Other groups are called “Mustang Panda”, or “Twill Typhoon" to its friends, and Salt Typhoon, an advanced persistent threat (APT) believed to be run by China's Ministry of State, which is also known as Ghost Emperor or FamousSparrow.
In a LinkedIn post, Easterly urged the security community to "‼️CALL THEM BY THEIR NAME‼️".
She wrote: "Let’s be crystal clear: the Chinese Communist Party is systematically targeting the critical infrastructure networks that sustain our national security, our economy, and our way of life."
"We must speak with clarity about the provocations of the Chinese military and ensure public support for a strategy that combines deterrence by denial with deterrence by punishment, a strategy that makes it crystal clear that we have the capability and the resolve to aggressively defend our critical infrastructure at home, to hold our adversaries’ critical infrastructure at risk, and, if necessary, to impose costs on them."

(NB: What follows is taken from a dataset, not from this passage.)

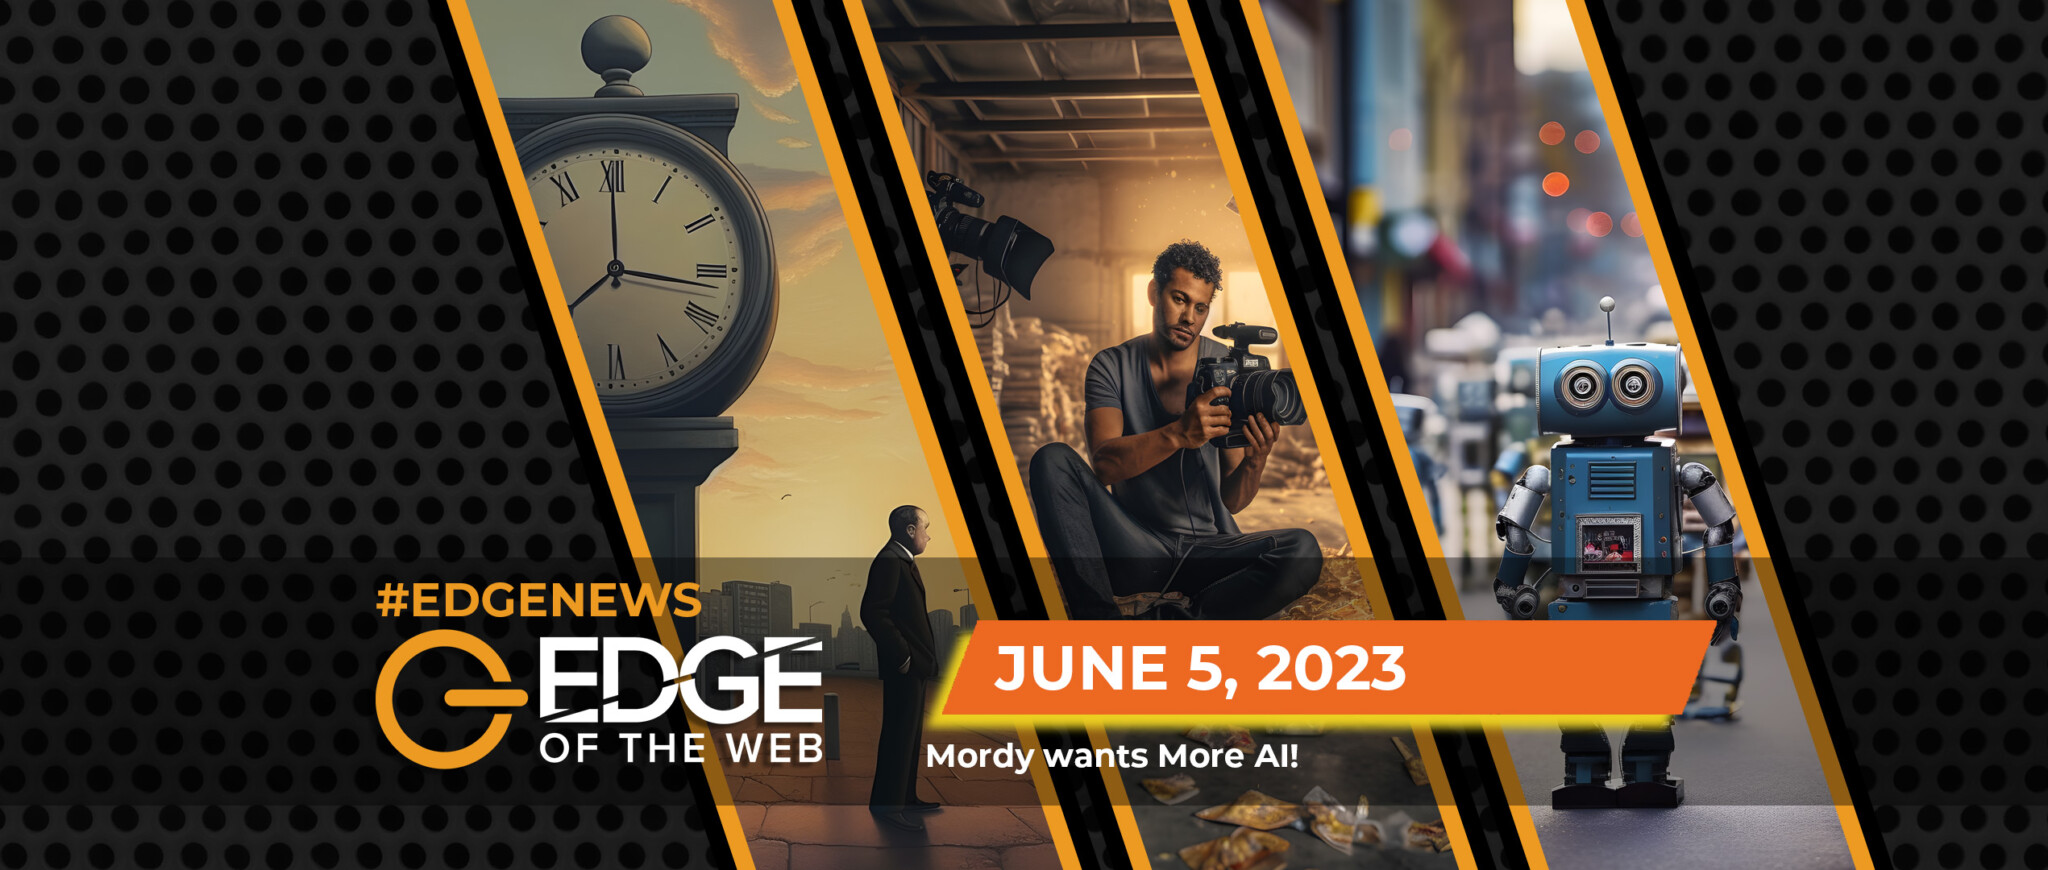 598 | News from the EDGE | Week of 6.5.2023
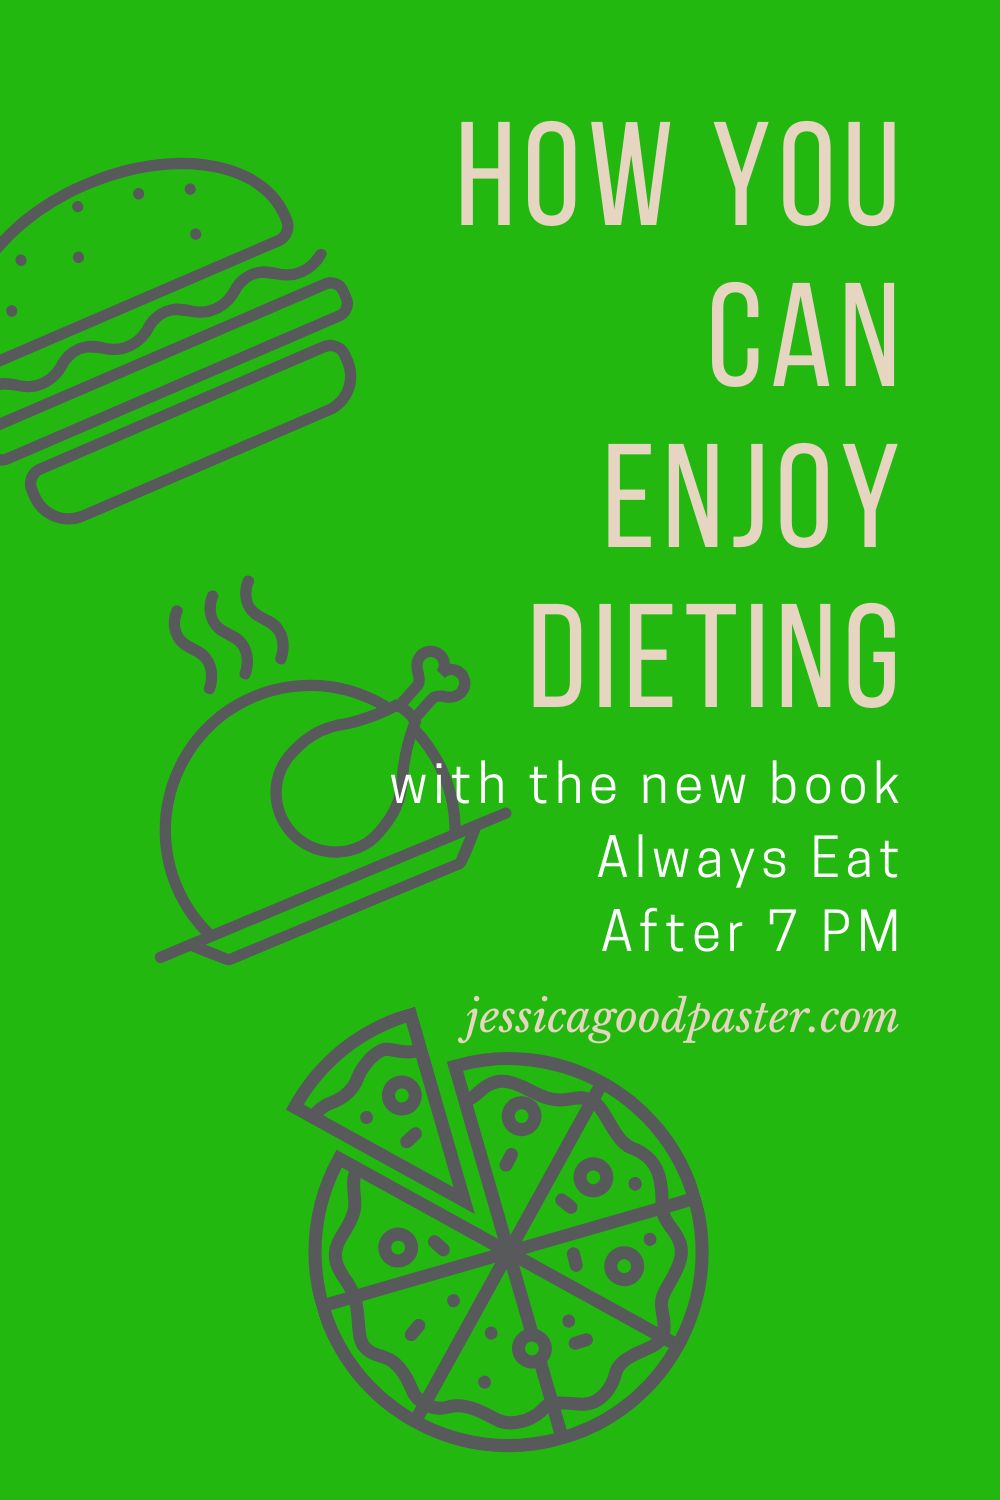 How You Can Enjoy Dieting with Always Eat After 7 PM | Are you always hungry and miserable when you try to lose weight? It doesn't have to be that way! Check out Joel Marion's new book Always Eat After 7 PM to learn how. #diet #diettips #AlwaysEatBook #eathealthy

Brandon Wales, former CISA executive director of CISA, shared a similar sentiment at a recent hearing of the House Homeland Committee.
The gravity of this moment - the continually compounding risk posed by an exploding set of cyber threat actors, highlighted by the preparation for war by the Chinese Communist Party - requires serious, straightforward conversation among policymakers, elected officials, business leaders, and the American public," he said.
"We must call our adversaries’ activities what they are—preparation for war. Accordingly, we must call them by their names, plainly, and without fanciful marketing terms that only benefit cybersecurity vendor marketing teams and the adversary themselves, by mythologising and obfuscating. Foreign government hackers positioned to take hospitals offline and turn off the water supply don’t deserve flashy codenames, they deserve disdain and confrontation.”